Screenshot by Schaefer Edwards
I finally heard a non-recorded human voice after all that waiting, a polite woman who at least seemed intent on lending us a hand. After another hour of pathetic pleading on my part (my irate-act usually isn’t too convincing) and several more holds, I was able to convince the support rep to squeeze me in on my fiancée’s 9:10 p.m. flight. After a few more minutes of begging and not-so-subtly hinting that this was the kind of ordeal that could lead a family to cut up their Rapid Rewards credit card and never fly Southwest again, the rep even came through with a couple of $100 travel vouchers. Not quite a refund, but it was better than nothing.
Once that three-plus hour call wrapped up, Meghan trekked down to a pizza shop around the block and secured us a shareable pepperoni deep-dish pizza and a couple cups of cold brew coffee while I got just a tad more sleep. We packed up, stashed our bags in the lobby and posted up at river-front restaurant, where we semi-enjoyed some subpar nachos as we attempted to decompress before heading to the airport, all while I jotted down notes and memories of the past few hours on my iPhone that I hoped would be half-decent fodder for this story.
click to enlarge The river breeze was lovely. The midwestern nachos were not.
Photo by Meghan Davenport
The rest of the afternoon and evening was blessedly uneventful. We shared a train ride to the airport, ate dinner at a surprisingly competent Irish pub once we made it through security, and were parked at our gate an hour and a half before takeoff. I busted out the iPad to take some more notes about the whole ordeal.

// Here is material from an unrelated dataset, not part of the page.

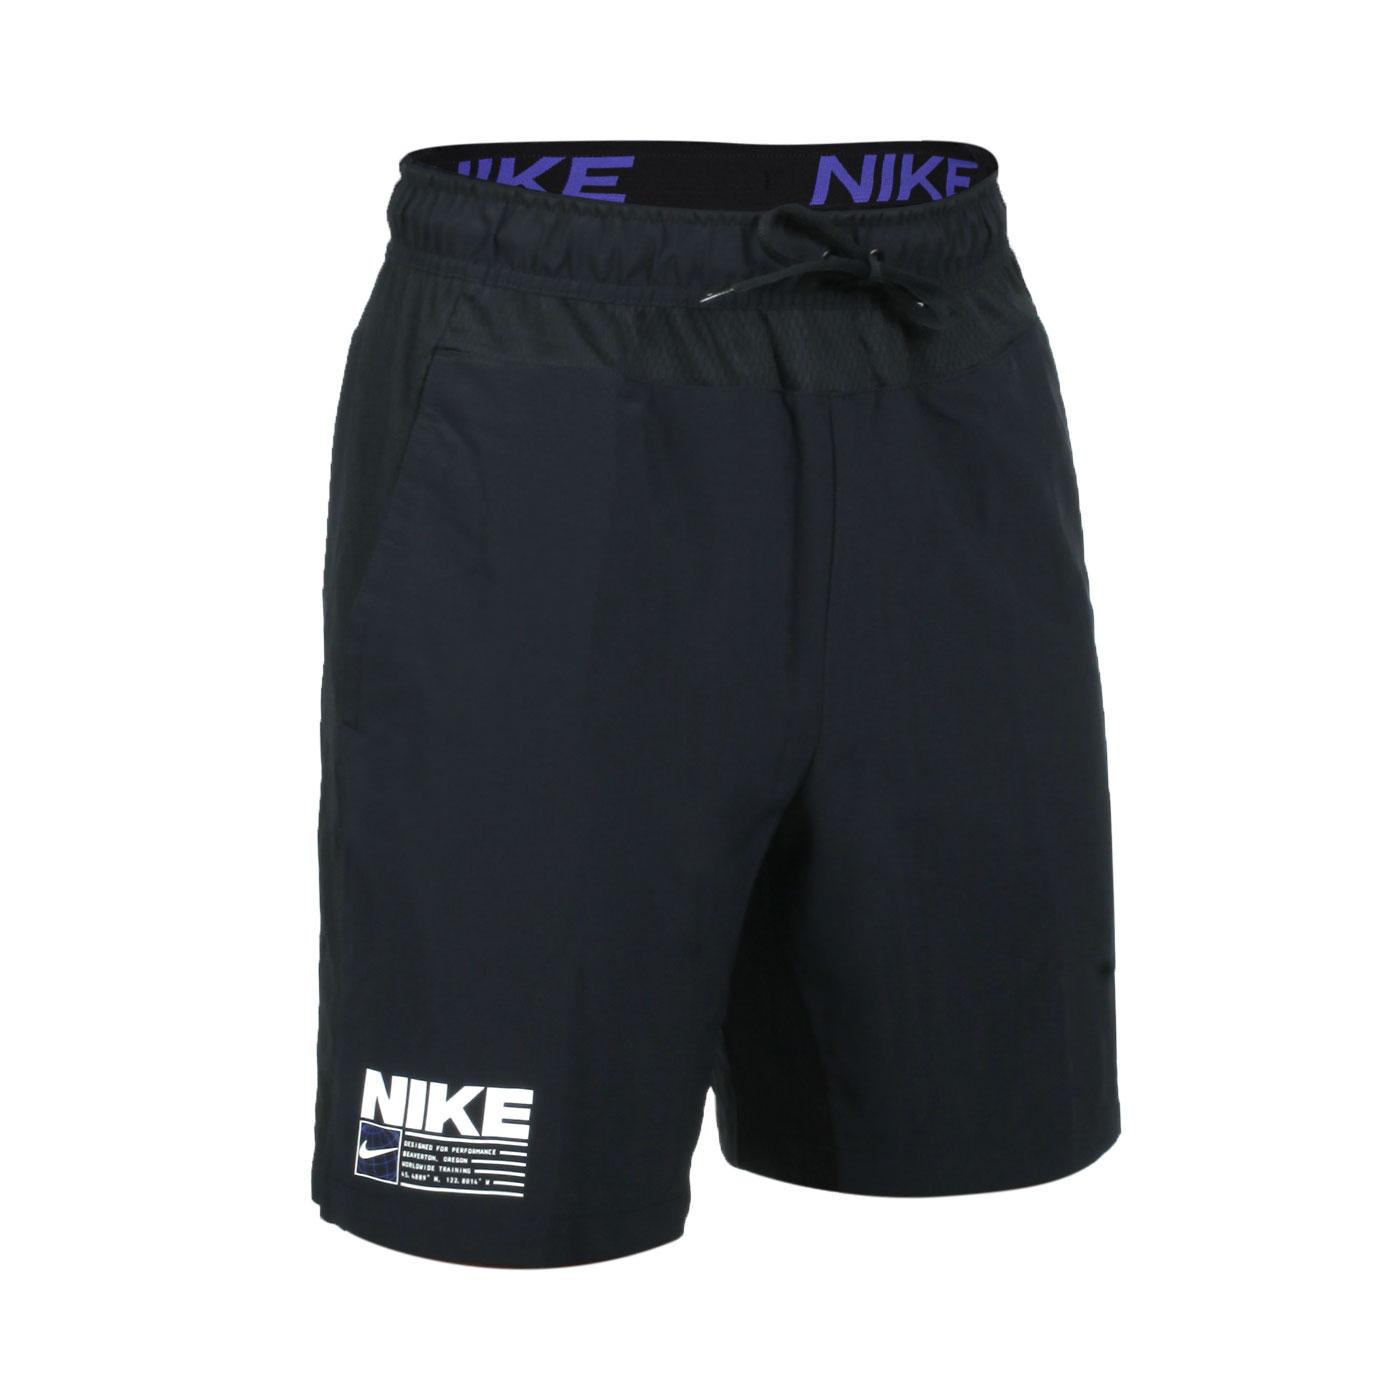 NIKE 男款訓練短褲 CZ2577-010 - 黑白
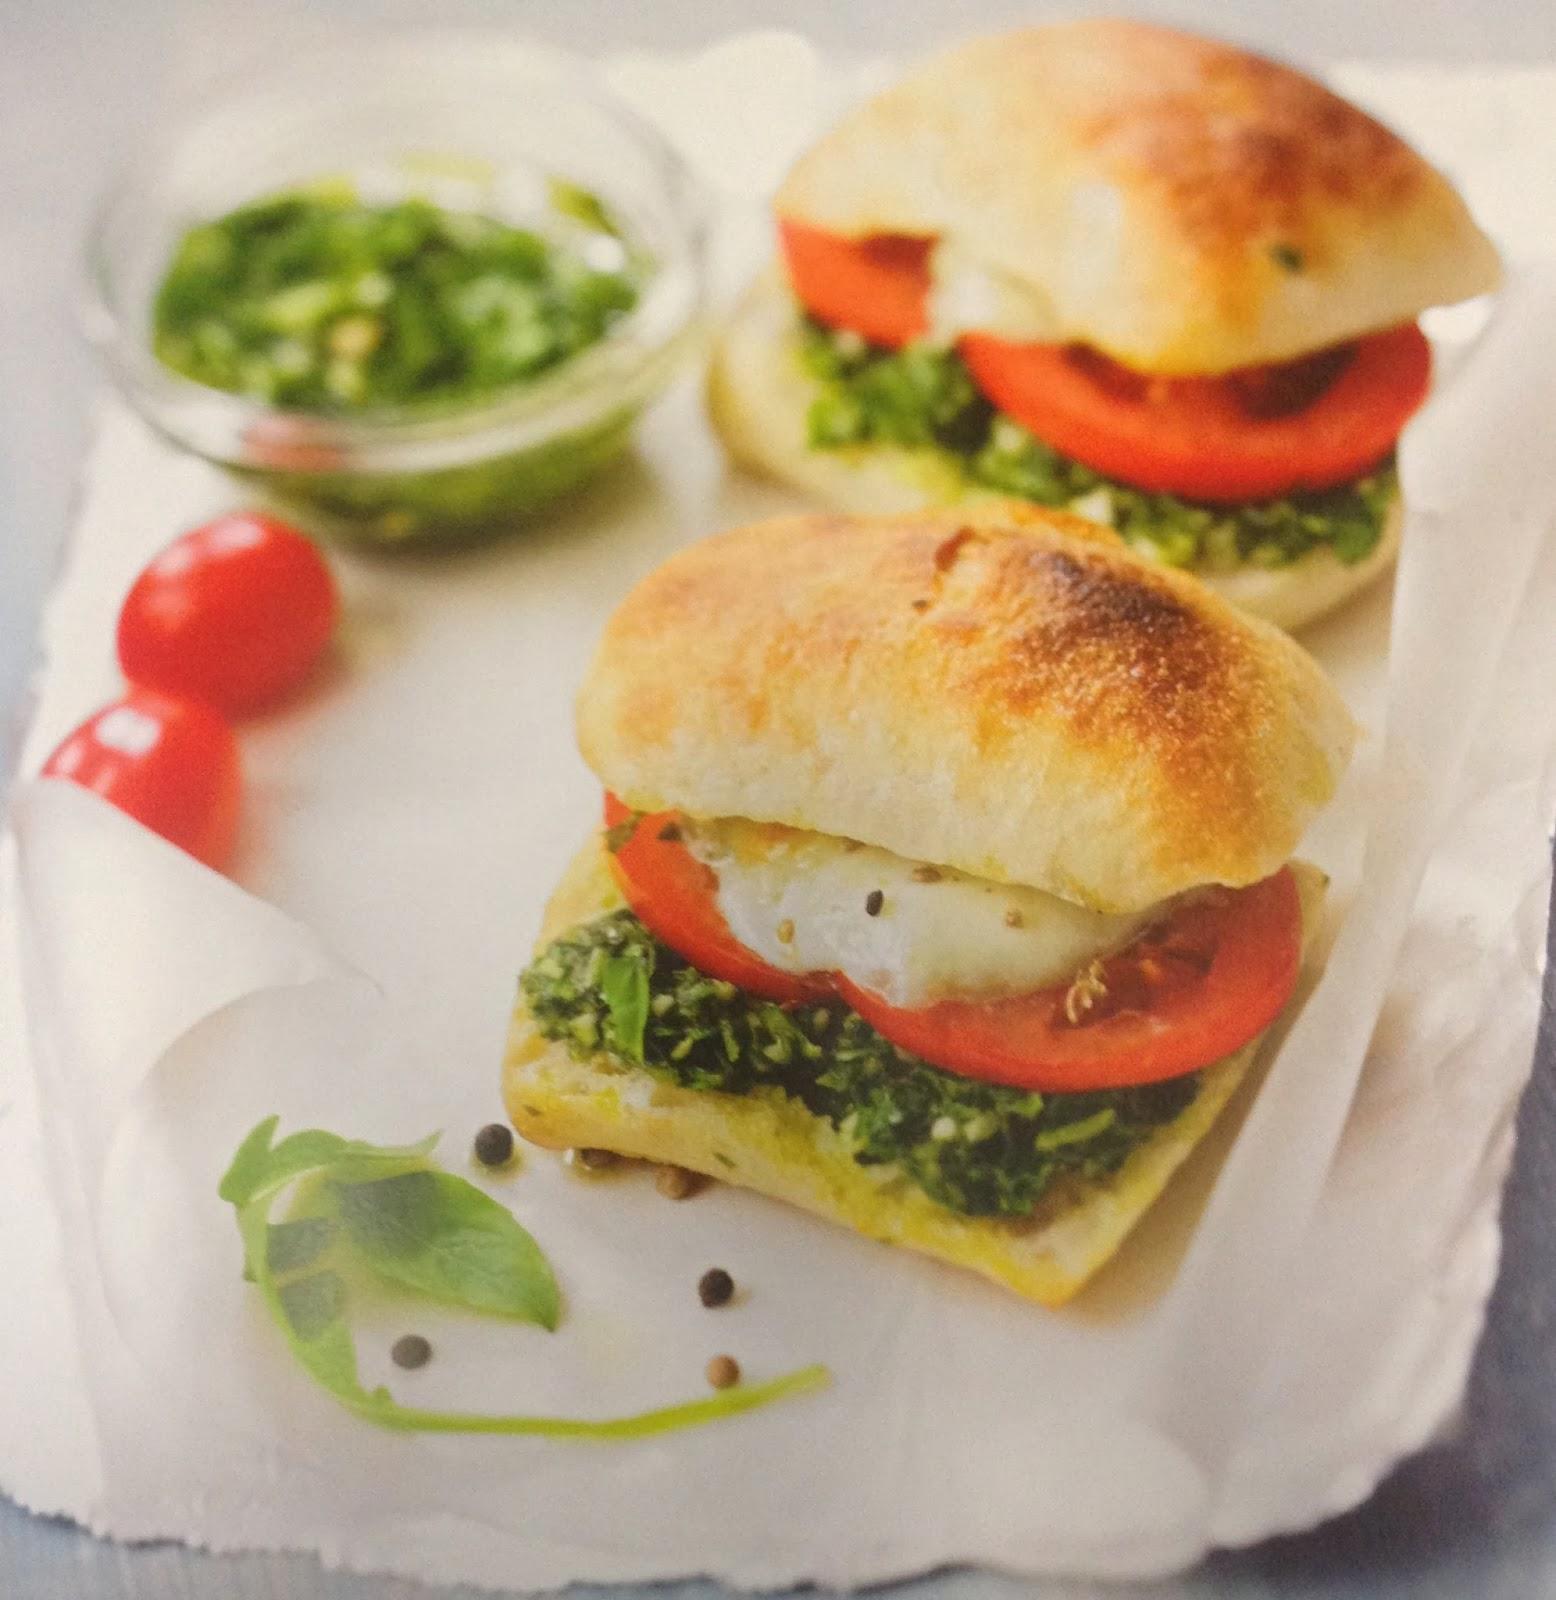 Le blog pour mes copines croque monsieur au parmesan - Sachet cuisson croque monsieur grille pain ...

click to enlarge At least the train to the airport was comfortable enough.
Photo by Schaefer Edwards
We crossed our fingers when we saw an earlier flight to Houston had been delayed, but luckily our makeup flight home was spared. We took off and landed all on schedule. While I had foolishly figured I had enough brain cells and energy left to keep writing on the late night flight, I ended up falling asleep almost as soon as we arrived at cruising altitude. We made it back home to our West Alabama apartment and were tucked into bed with our cat just before 2 a.m. Tuesday.
click to enlarge Our intrepid reporter, too exhausted to type through his flight home.
Photo by Meghan Davenport
At some point in the afternoon, we’d each received an additional $250 “sorry for ruining your last 30 hours” flight voucher from Southwest, so between those and the two $100 coupons I convinced customer support to toss our way, we probably nearly recouped the cost of the last-minute hotel, the expensive Uber ride there and our first flight Sunday that ended up getting cancelled.
Still, it was an exhausting ordeal, made all the more uncomfortable since we were masked-up the entire time and were made constantly fearful by some of our less than COVID-conscientious fellow travelers, especially the woman at our gate Monday night who took an un-masked Facetime video call for over half an hour; I almost laughed out loud when I saw the travel-sized bottle of hand sanitizer clipped to her backpack when we were both waiting for our checked bags back in Houston — clearly concerned about the spread of germs, she was!
Flying wasn’t fun before the pandemic. But between likely COVID-induced staff shortages, the constant uncertainty of whether our fellow travelers were fully vaccinated like us, the constant fury we felt toward all the bull-headed or misinformed mask-wearers with bare-skinned noses on full display and the always unpredictable nature of delay-inducing hurricane season downpours, we’re definitely far less eager to hop on an airplane any time soon than we were before this whole ordeal.
And we're going to be a lot warier before committing to any one-hour layovers in the future.